The proliferation of misinformation necessitates scalable, automated fact-checking solutions. Yet, current benchmarks often overlook multilingual and topical diversity. This paper introduces a novel, dynamically extensible data set that includes 61,514 claims in multiple languages and topics, extending existing datasets up to 2024. Through a comprehensive evaluation of five prominent Large Language Models (LLMs), including GPT-4o, GPT-3.5 Turbo, LLaMA 3.1, and Mixtral 8x7B, we identify significant performance gaps between different languages and topics.
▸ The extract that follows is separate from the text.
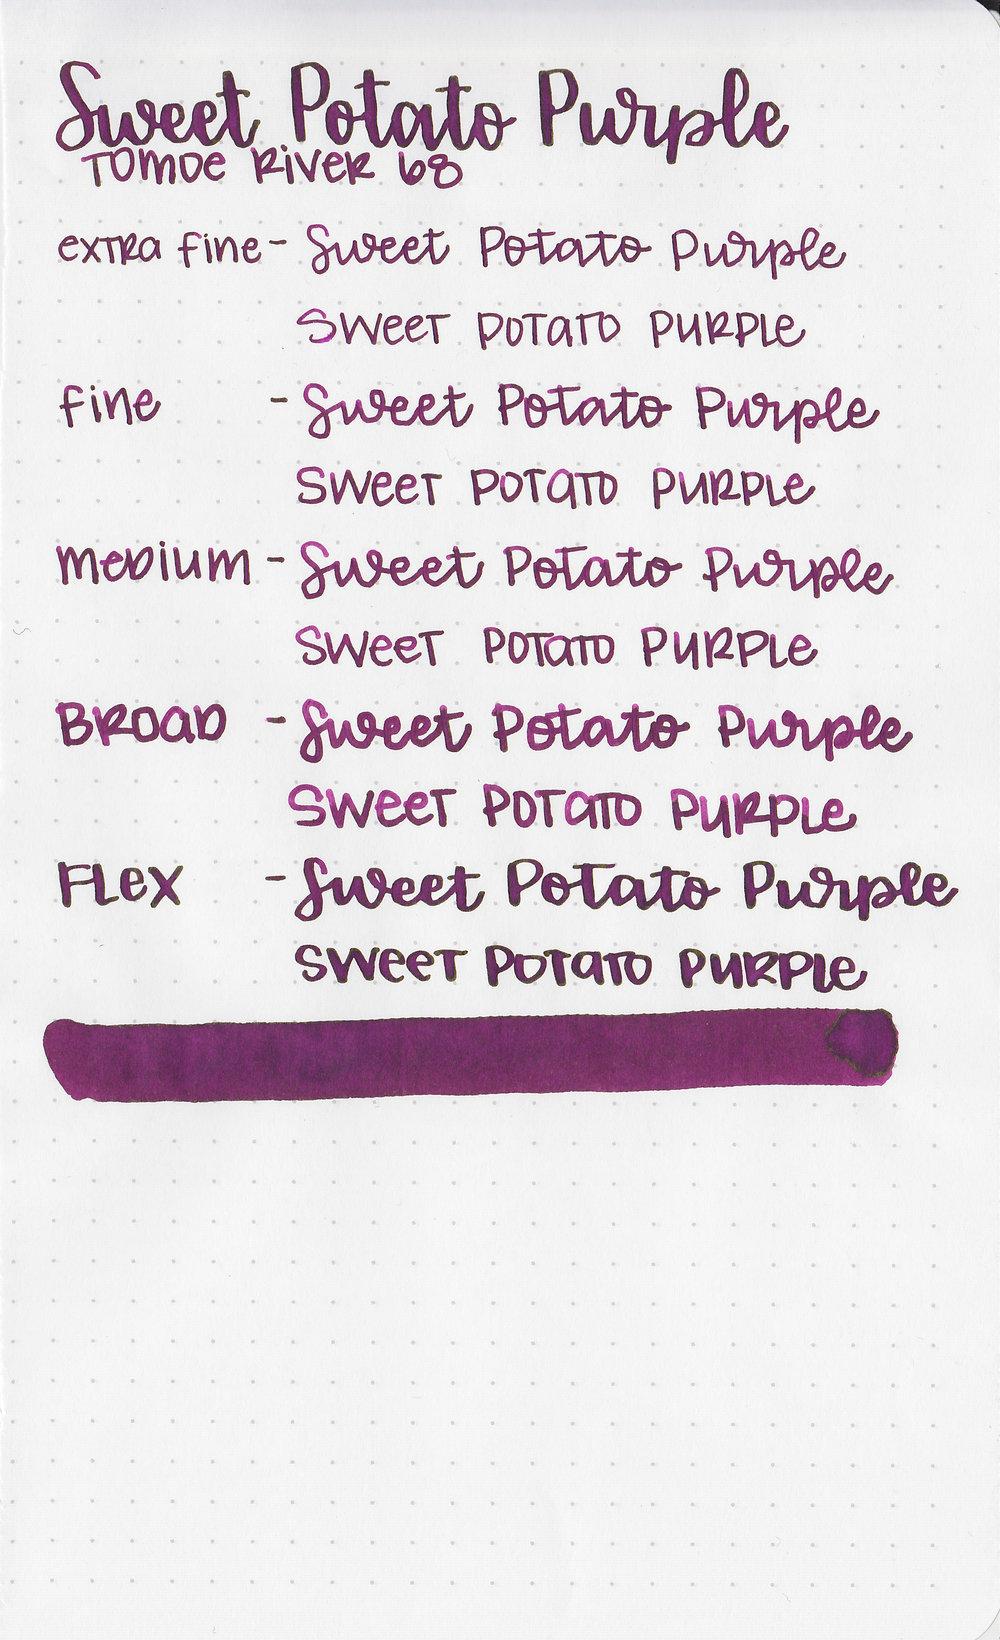 bb-sweet-potato-purple-9.jpg

While overall GPT-4o achieves the highest accuracy, it declines to classify 43% of claims. Across all models, factual-sounding claims are misclassified more often than opinions, revealing a key vulnerability. These findings underscore the need for caution and highlight challenges in deploying LLM-based fact-checking systems at scale.

Paper Structure

This paper contains 34 sections, 3 figures, 6 tables.

Figures (3)

  • Figure 1: Performance of Five LLMs on Factual vs. Opinion Claims: (Left) 'No Verdict' Percentage and (Right) Fact-Checking Accuracy, with a red line at .5 indicating chance-level performance for the accuracy subplot. Points are colored by claim type, allowing for a direct comparison of model behavior across these two categories.
  • Figure 2: Fact-checking accuracy of five LLMs (Mixtral 8x7B, LLaMA 3.1 (70B and 8B), GPT-4o, and GPT-3.5 Turbo) across 61,514 claims in multiple languages. Each subplot represents one model, with the x-axis showing different languages and the y-axis representing the fact-checking accuracy. For each language, we display the model’s performance on claims created before the model’s training cut-off (black dot) and after the cut-off (white cross). The size of the circle around each marker corresponds to the number of claims available for that language. The red line at 0.5 indicates chance-level performance, as fact-checking was framed as a binary classification task. Circle color denotes language resource class, based on the joshi_state_2020 taxonomy, with Class 5 being high-resource languages and Class 0 low-resource. GPT-3.5 Turbo and GPT-4o exhibit strong generalization beyond the official training cut-off dates, often outperforming their own pre-cutoff performance, especially in high-resource languages. The LLaMA 3.1 models also show slight improvements post-cutoff, though the gains are more modest. Mixtral's cut-off date is not publicly known, so pre/post distinctions are not shown for that model. The figure also illustrates large performance variability across languages and models, emphasizing the role of both language resources and model scale.
  • Figure 3: No verdict percentages of five LLMs (Mixtral 8x7B, LLaMA 3.1 (70B and 8B), GPT-4o, and GPT-3.5 Turbo) across 61,523 claims in multiple languages. Each subplot represents one model, with the x-axis showing different languages and the y-axis representing the no verdict percentages. For each language, we display the model's performance on claims created before the model’s training cut-off (black dot) and after the cut-off (white cross). The size of the circle around each marker corresponds to the volume of claims in that language. The figure highlights the variation in the fact checking coverage across languages and between models, showing that the best performing GPT4o model also had the highest reservation while choosing claims to fact check.